I had my first true Land Rover "experience" this past weekend. After rebuilding the Rochester single barrel carb, tweaking the idle adjustment and the air/gas mixture adjustment, replacing all vacuum lines, and adjusting the vacuum advance (I also have new plugs and a new fuel line / filter) this past Friday my Rover had a level of power I hadn't experienced since purchasing it.

With all that confidence I decided to drive it 30 miles to a local British Car Show on Saturday. It ran beautifully (and got up to 55 mph!) for 29.9 miles until I reached the car show registration line. As I slowed down to an idle to wait out the line it died and wouldn't start again. I then had the humbling experience of being pushed into the show fairgrounds and into my parking spot (needless to say I didn't bring home any trophies!).

While at the show I adjusted the idle screw on the carb slightly and it started right up and made it all the way home after the show. However, the drive home didn't feel the same, it felt like it was giving out at times in 3rd and 4th gear. It never died but just didn't exude much confidence.

The last two days it has started easy and runs well WHEN CHOKED. Once the choke lever is pushed back in it sounds like it is going to die every time I hit the accelerator. If I rev the accelerator a bit it will get up to speed but if I am in a situation where I have to hit the accelerator hard it will die unless choked.

So with all that said, does anyone have any suggestions as to what to try next? Should I replace the Rochester with a Weber?

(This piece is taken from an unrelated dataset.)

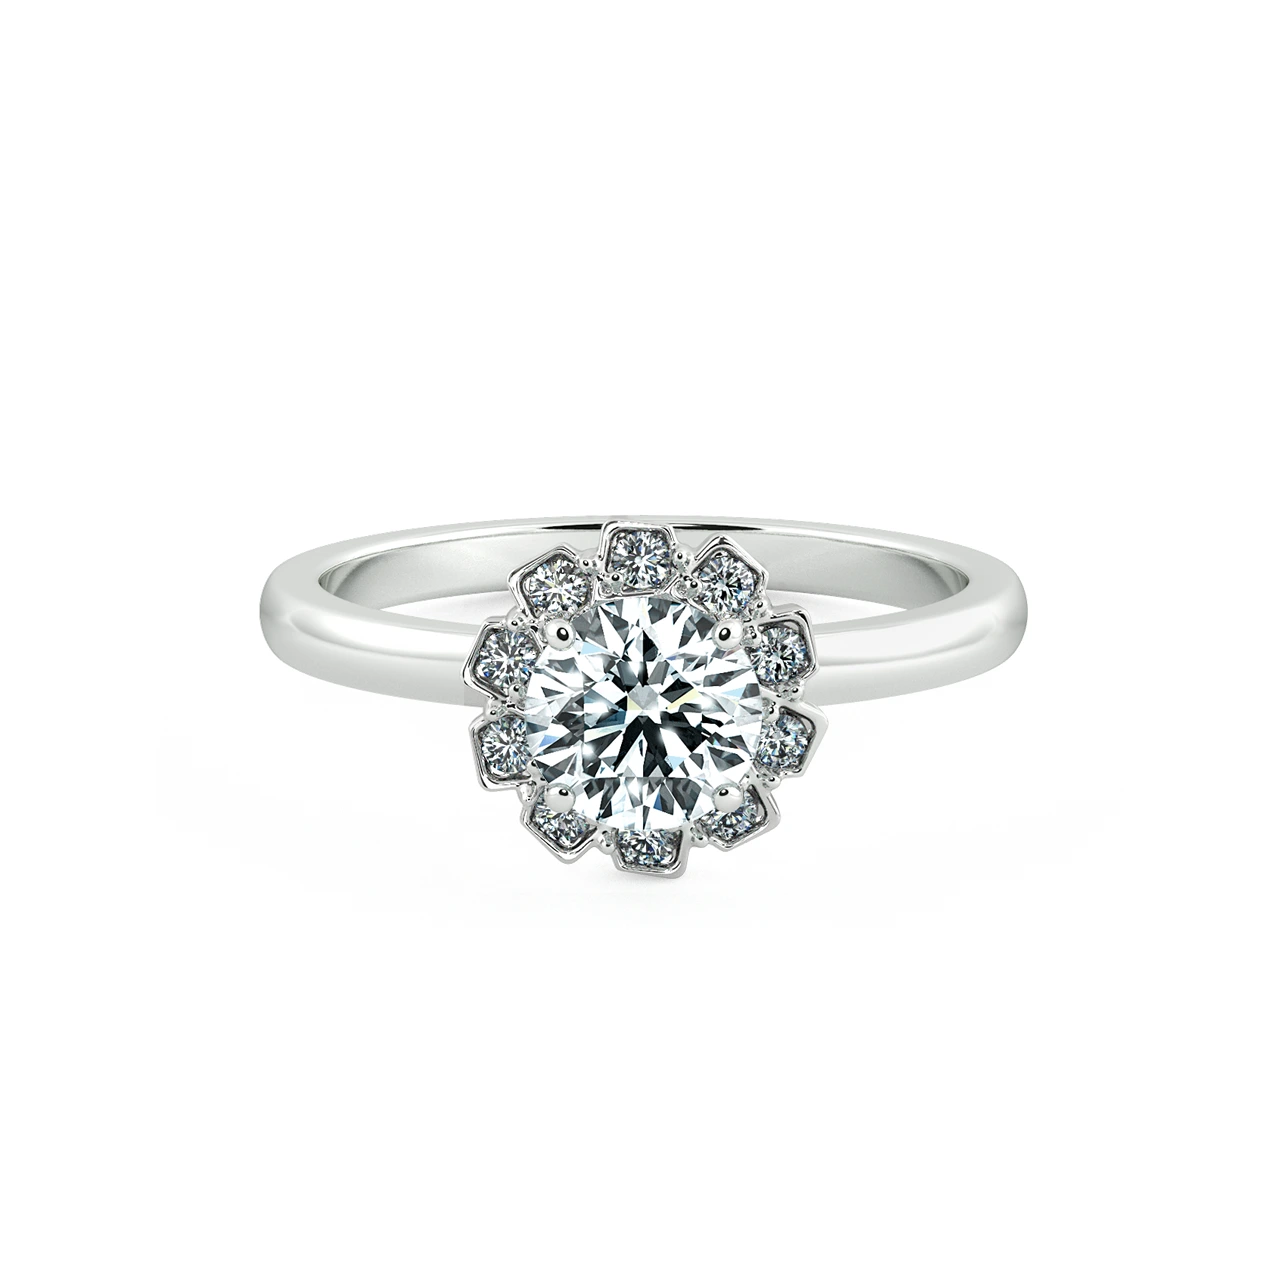 Single Halo Engagement Ring with Stylized NCH2106 1

Any help you can provide is appreciated!


Jason
'73 Series III (88")

bugeye88
08-05-2014, 12:46 PM
Jason,

Just my 2 cents, but it sounds like all the stuff you did with the Carb etc was good, and it ran better initially as a result, but after that it sounds like 1. you were experiencing vapor lock while in line for the show 2. your leaning out the mixture at the show after it cooled down is too lean and does not give the engine enough fuel to have power without having the choke pulled to give it a richer mixture. My advice would be to fit an electric pump after the mechanical one (between the mechanical pump and the carb) You can put an on/off switch in the cab so you can turn it on and off if you wish. I have this setup and it eliminates vapor lock for me. As for the carb itself, I'd get it back to where you had it when it was running good on the way to the show.

Cheers,
Rob
Bugeye88

o2batsea
08-05-2014, 12:53 PM
If you aren't an experienced carb rebuilder with the specialized tools, and an ultrasonic tank to clean parts with, then you probably wasted your time. Hate to say it but the best way to rebuild a carb is with a new one.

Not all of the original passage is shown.